昨日の夢の続きを話そう
「おいしー!」


赤くなった頬に手をあてて、海斗くんは大声で言った。
すごく温かくて、楽しくて、ずっと続いてほしいなと心から思うと同時に、例えようのないかなしさに包まれた時間だった。


休日出勤のパパがもう少しで帰ってくると言って、亜美と海斗くんは夕方には帰って行った。
私は最後にどうしても、砂岡くんにあの魔法のスープの作り方をもう一度聞きたかったので、お願いして一緒に台所に立った。
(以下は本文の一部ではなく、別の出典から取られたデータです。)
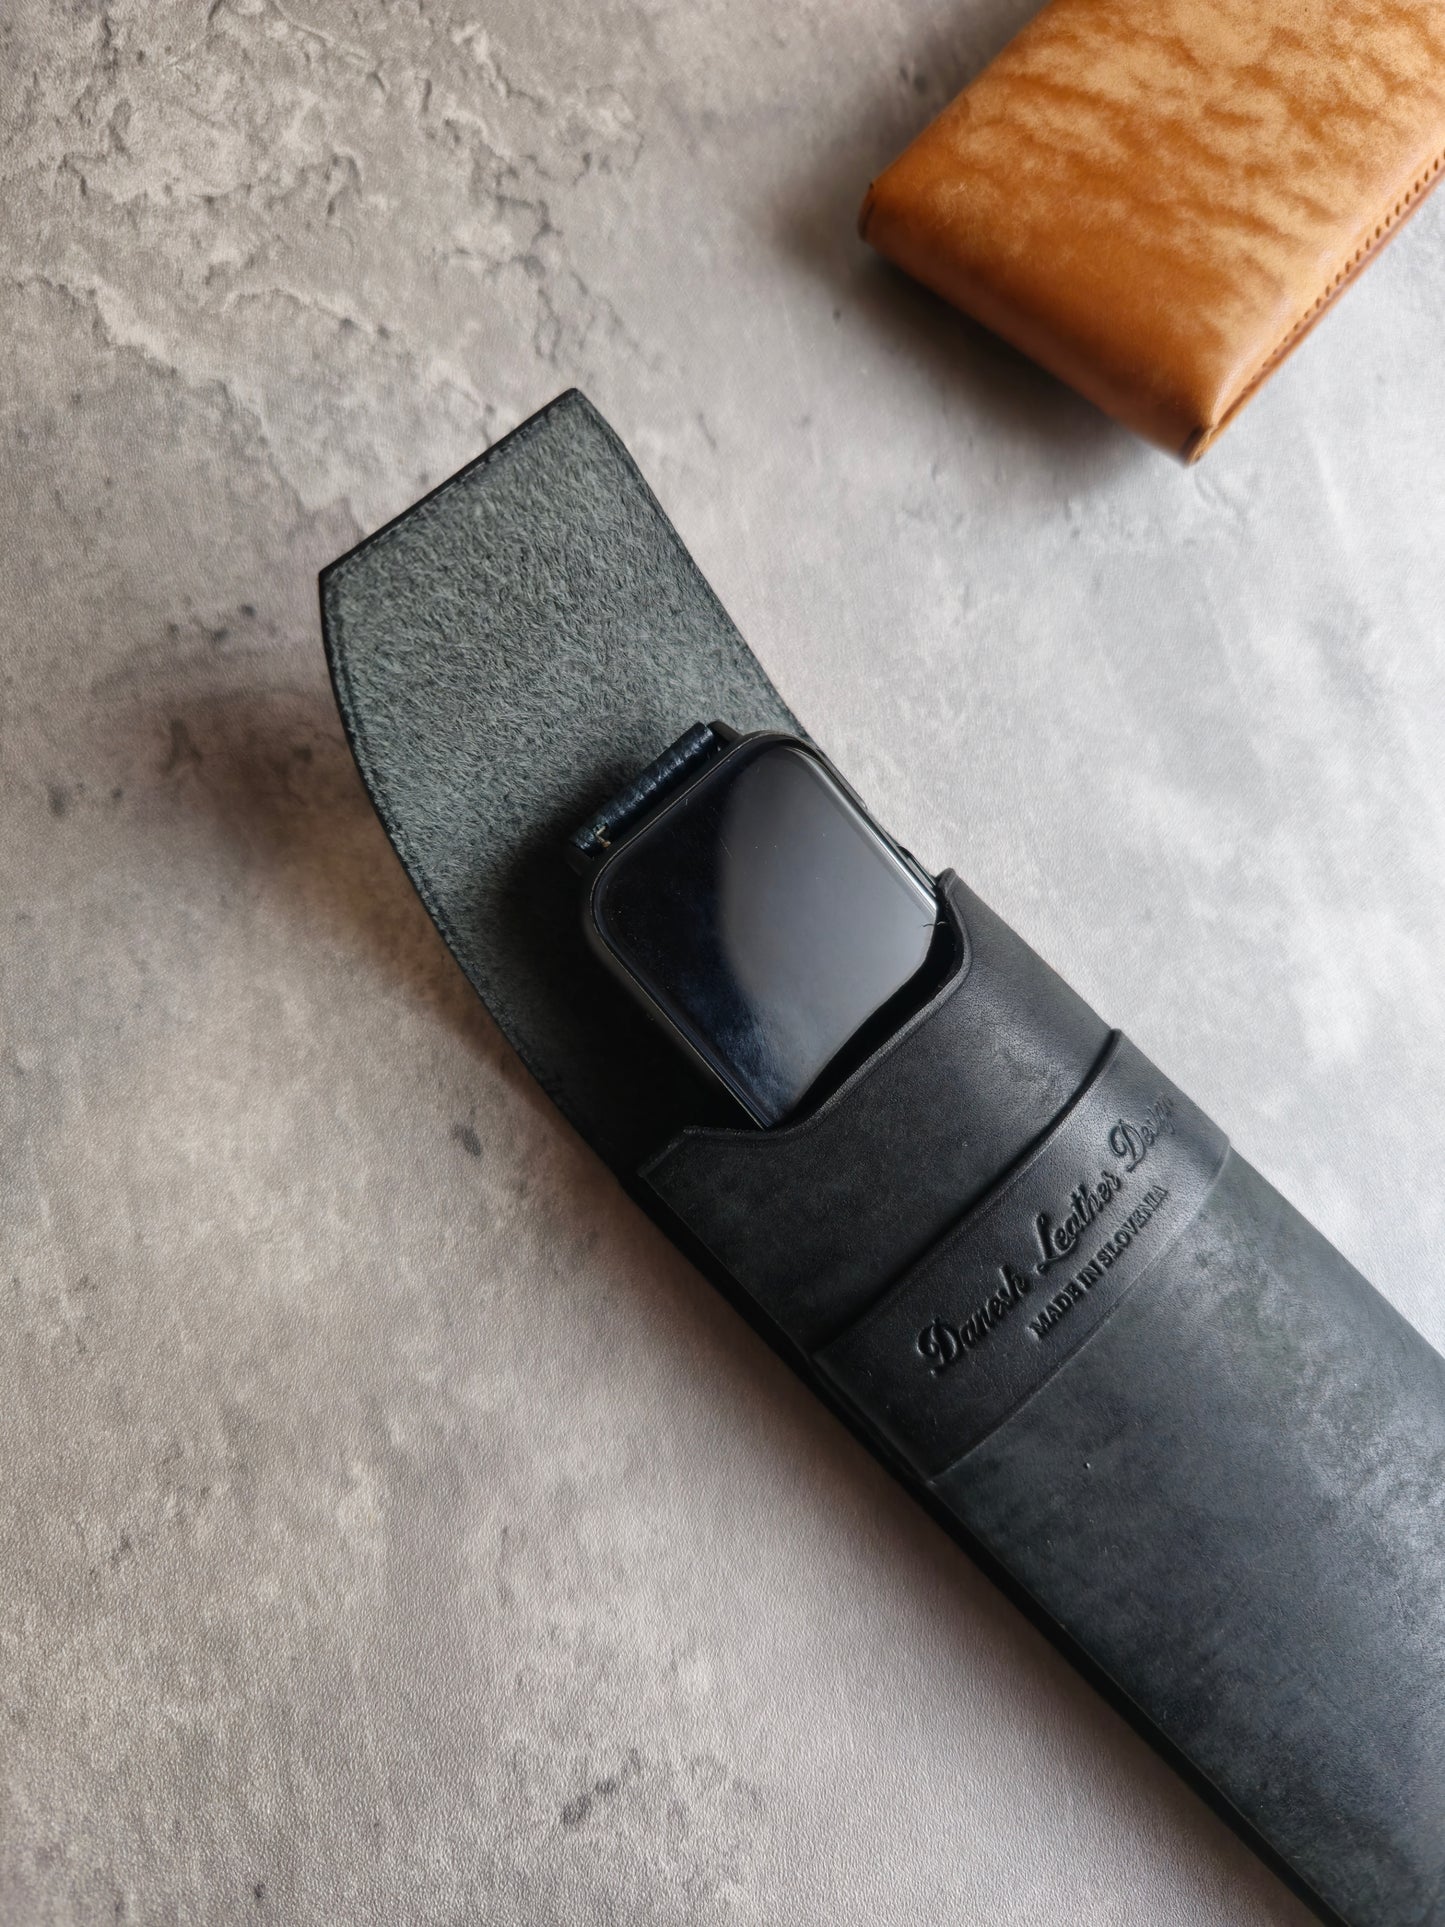 Timekeep wrist watch case | Leather craft Template - DIY - PDF pattern

「キャベツとかブロッコリーは香りが良くないからあんまり適さないって言うかな。あと、ナスは色が悪くなる。でもまぁ、それも好き好きだよね。俺は普通に入れちゃうけど」


私が昨日、今日で溜めた野菜の皮を煮ながら、砂岡くんが言う。


「個人的にはネギの香りがあんまり得意じゃないから、自分で作るときは長ネギは使わないんだ。あと、大根の皮は少しつんとするかなぁ。流水でよく洗ったジャガイモの皮とか、カボチャのワタを使えば、甘くなるような気がする。」
「ほうほう、砂岡くん的にはジャガイモやカボチャがおすすめね」


私は新聞記者ばりに、砂岡くんの言葉を一字一句メモを取った。


「随分熱心に聞くね」
「うん、私も魔法のスープ、作れるようになりたいから」
「魔法のスープ?」


復唱した砂岡くんは、くすっと笑った。
私もにっこりと微笑んで、「うん!」と大きく頷いた。
マッチ売りの少女の話をしようかと思ったが、きっと心配されるのでやめといた。


「あとはなにか、まだ聞いてないことない? 特別な隠し味とか」


と私が言ったとき、建て付けの悪い引き戸の音が、ガタガタと鳴り響いた。
字を書く手がぴたりと止まる。灰汁を取っていた砂岡くんと目が合った。